The problem:
When the line containing "Who Took My Hard-Earned Money, Sha Nacino" is found in the data below, copy it and each line after it through the line containing "Interior design by", exactly and with no others.

Record excerpts:
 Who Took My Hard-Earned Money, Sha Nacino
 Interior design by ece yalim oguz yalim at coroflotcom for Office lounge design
...
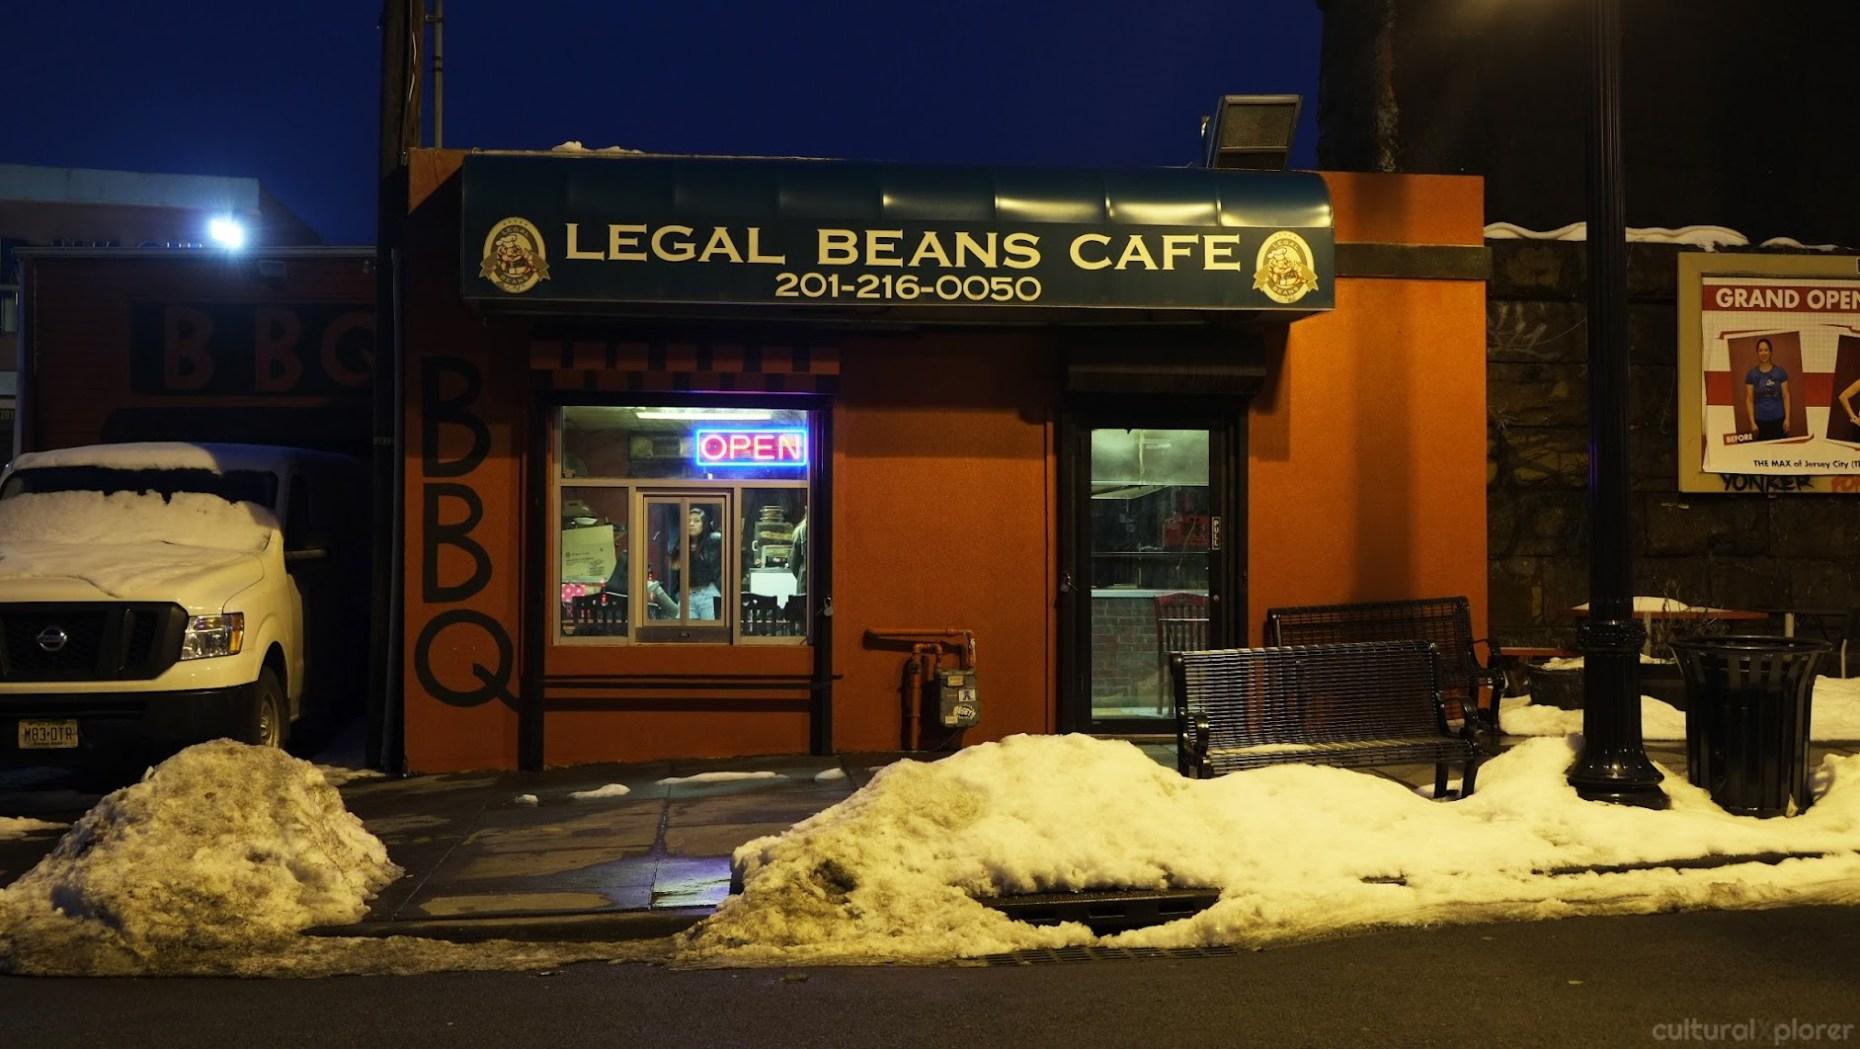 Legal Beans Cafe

Task result:
 Who Took My Hard-Earned Money, Sha Nacino
 Interior design by ece yalim oguz yalim at coroflotcom for Office lounge design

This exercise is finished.